Lucille Bogan was one of the earliest American blues singers to be recorded, and is remembered for her very risqué lyrics. She sang straight-talking blues about drinking ("Sloppy Drunk Blues"), prostitution ("Tricks Ain't Walking No More"), lesbianism ("B.D. Woman's Blues"), gambling, and other facets of what her generation called "the life." She also recorded under the pseudonym Bessie Jackson.
Born Lucille Anderson in Amory, Mississippi, in Monroe County, on April 1, 1897, she was raised in Birmingham, Alabama, where she married Nazareth Lee Bogan, a railwayman, and gave birth to a son, also called Nazareth Lee, in 1916. She had also gained a stepdaughter through her marriage.
Bogan was the aunt of pianist and trumpet-player Thomas "Big Music" Anderson, and is considered to have had one of the finest voices of any female blues singer. Her early work was influenced by vaudeville stylists, but with age and experience her voice deepened and her expression matured. Jazz critic and sexologist Ernest Borneman grouped her with Ma Rainey and Bessie Smith in "the big three of the blues."
Lucille Bogan's first recordings were vaudeville songs made in 1923 in New York City for OKeh Records, where she was accompanied by pianist Henry C. Callens. Later that year she recorded "Pawn Shop Blues," backed by Eddie Heywood on piano, in Atlanta, Georgia, which was the first time a black blues singer had been recorded outside New York or Chicago.

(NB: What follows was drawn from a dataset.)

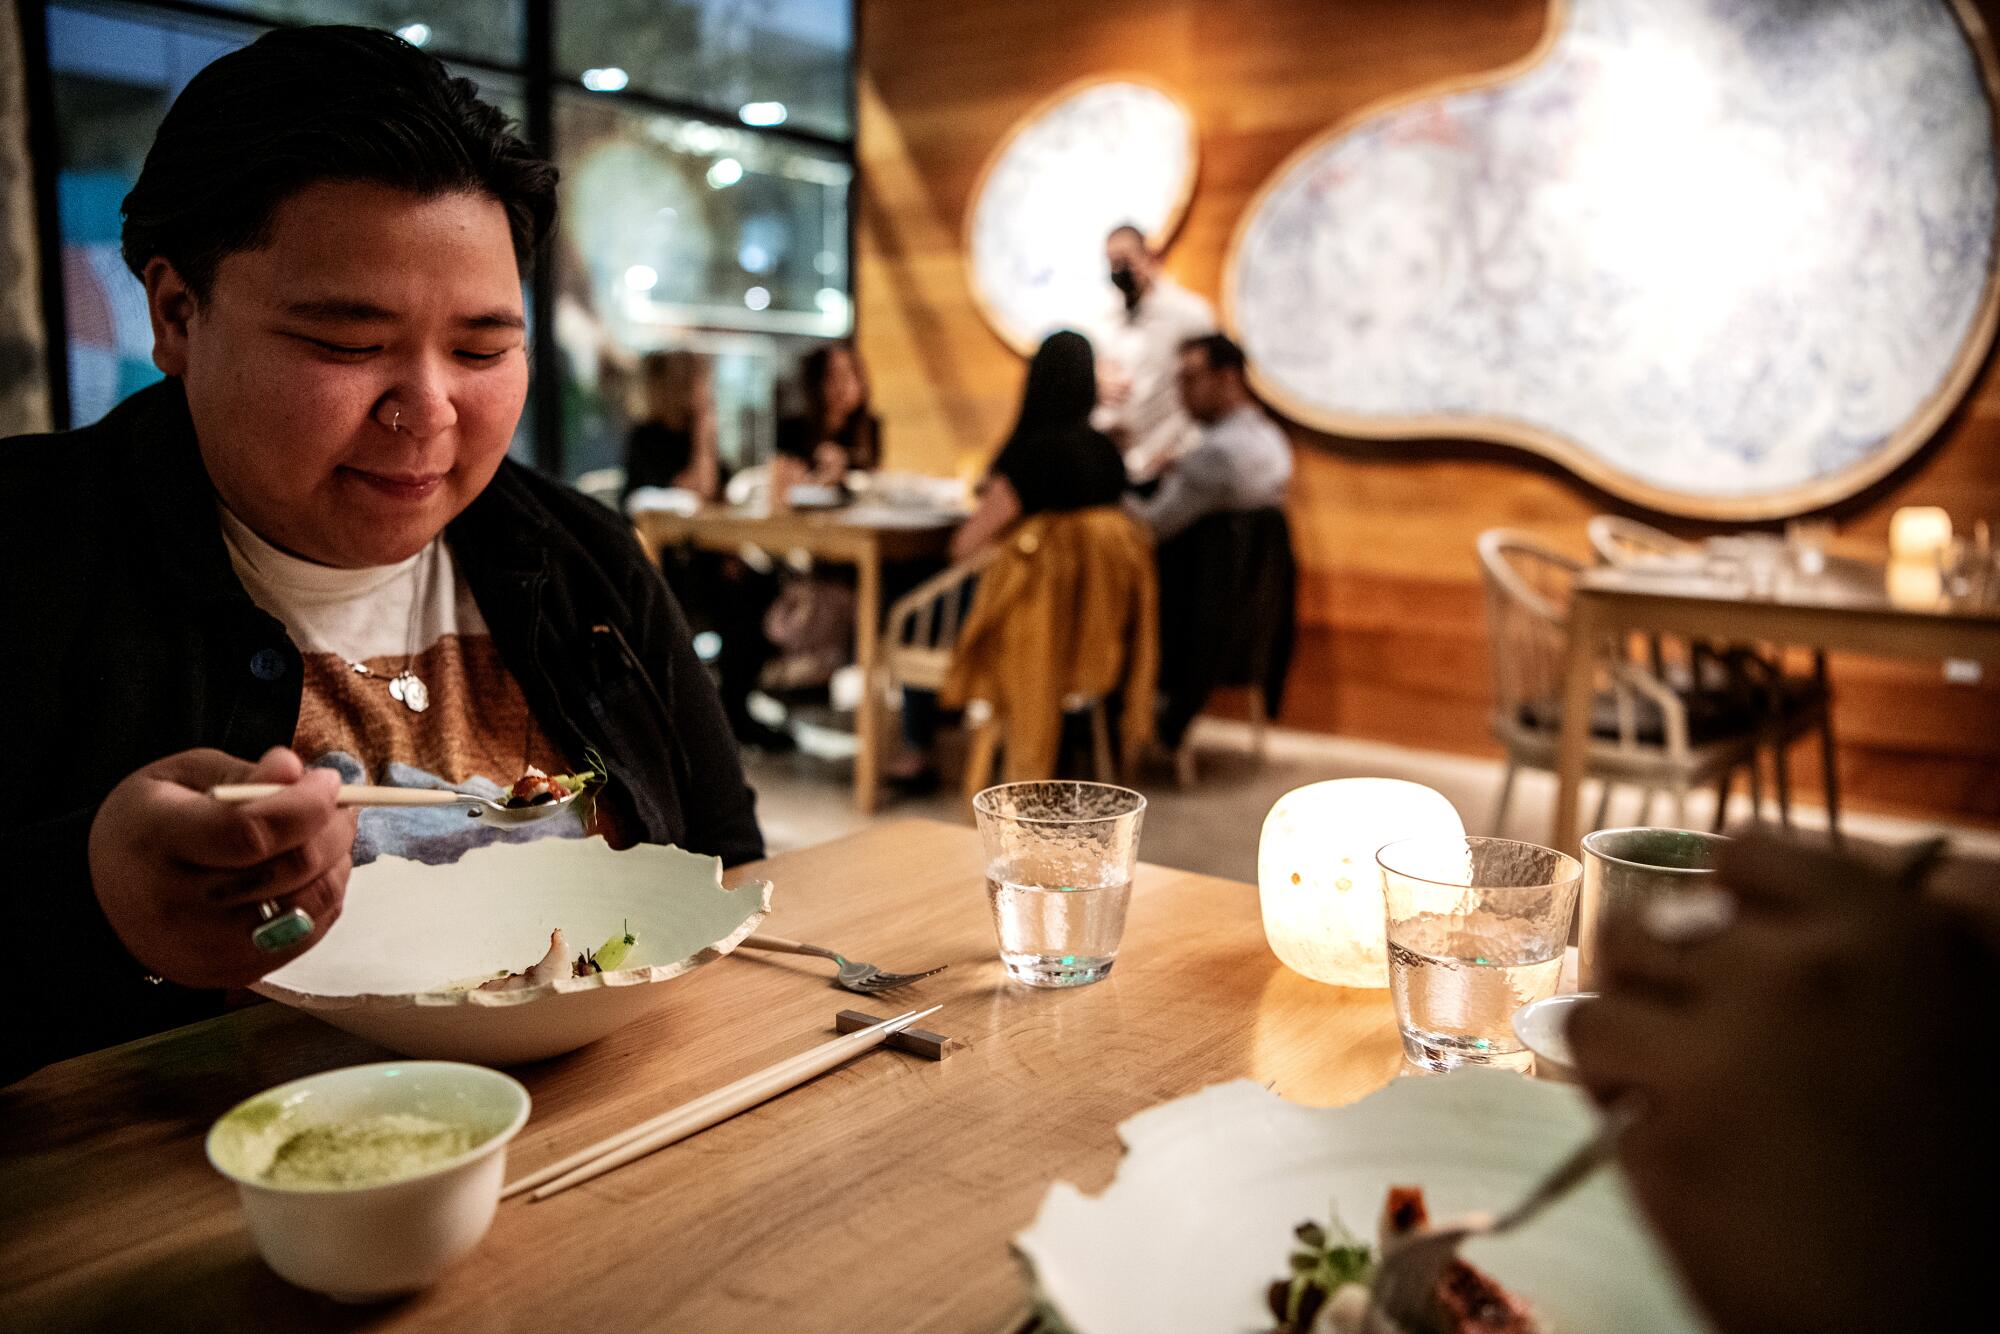 A person eats at a wooden table, with other diners in the background, at Kato in L.A.

In 1927 Bogan began recording for Paramount Records in Chicago, where she waxed her first big success, "Sweet Petunia," which was later adapted by Vance Dixon with Alex Channey, Blind Blake, Curley Weaver, and others in support.
Lucille Bogan had a very colorful love life, with both men and women. She was rumored to have had an affair with pianist Will Ezell, who had accompanied her for Paramount in a session that also featured Papa Charlie Jackson, resulting in divorce proceedings that were initiated, but never finalized, by her husband.
In 1928 Bogan recorded for Brunswick Records, backed by Tampa Red and Cow Cow Davenport. Further influential recordings followed, including "Sloppy Drunk Blues" and "Alley Boogie." Her songs were covered extensively by blues artists such as Bumble Bee Slim, Leroy Carr, Jimmy Rogers and Sonny Boy Williamson.
By 1930 Lucille Bogan's recordings had begun to concentrate on drinking and sex, with songs such as "Sloppy Drunk Blues" (covered by Leroy Carr and others) and "Tricks Ain't Walkin' No More" (later recorded by Memphis Minnie). She also recorded the original version of "Black Angel Blues," which, as "Sweet Little Angel," was covered by Earl Hooker, B.B. King, Robert Nighthawk, Pinetop Perkins, Tampa Red, and many others, and was reworked as the more subtle "Love 'n' Things" by Lowell Fulson.
Trained in the rowdier juke joints of the 1920s, many of Bogan's songs, most of which she wrote herself, have thinly-veiled humorous sexual references with outspoken lyrics that dealt with sexuality in a manner that raised eyebrows. The theme of prostitution, in particular, features prominently in several of her recordings.
Between 1933 and 1935, Lucille Bogan teamed up with pianist Walter Roland, adopting the name Bessie Jackson. The duo recorded more than 100 songs for the American Record Company (ARC), including "Seaboard Blues," "Troubled Mind," "Superstitious Blues" and her infamous recording of "Shave 'Em Dry" with its explicit sexual lyrics. Walter Roland subsequently released a less successful response song, "I'm Gonna Shave You."
Bogan's other songs include "Stew Meat Blues," "Coffee Grindin' Blues," "My Georgia Grind," "Honeycomb Man," "Mr. Screw Worm In Trouble" and "Bo Hog Blues." Her final recordings with Roland and Josh White included two takes of "Shave 'Em Dry," recorded in New York on Tuesday, March 5, 1935. The unexpurgated alternate take is notorious for its explicit sexual references, a unique record of the lyrics sung in after-hours adult clubs.
Another of Lucille Bogan's songs, "B.D. Woman's Blues," takes the position of a bull dyke ('B.D.'), with the line "Comin' a time, B.D. women, they ain't gonna need no men." The music and melody of Bogan's "B.D. Woman Blues" are similar to the traditional women's blues song "I Know You Rider," although the lyrics are completely different.
Bogan's final composition, "Gonna Leave Town," was covered by Smokey Hogg in 1949.
In 1935 Lucille Bogan moved back to Alabama, still with husband Nazareth, where she managed her son’s jazz band, Bogan’s Birmingham Busters. Her marriage finally broke up in 1941 and she eventually followed her son to Los Angeles, California with her then common-law husband. She died from coronary sclerosis on August 10, 1948, aged 51. She was buried in a grave without a headstone at the Lincoln Memorial Park, Compton, Los Angeles County, California.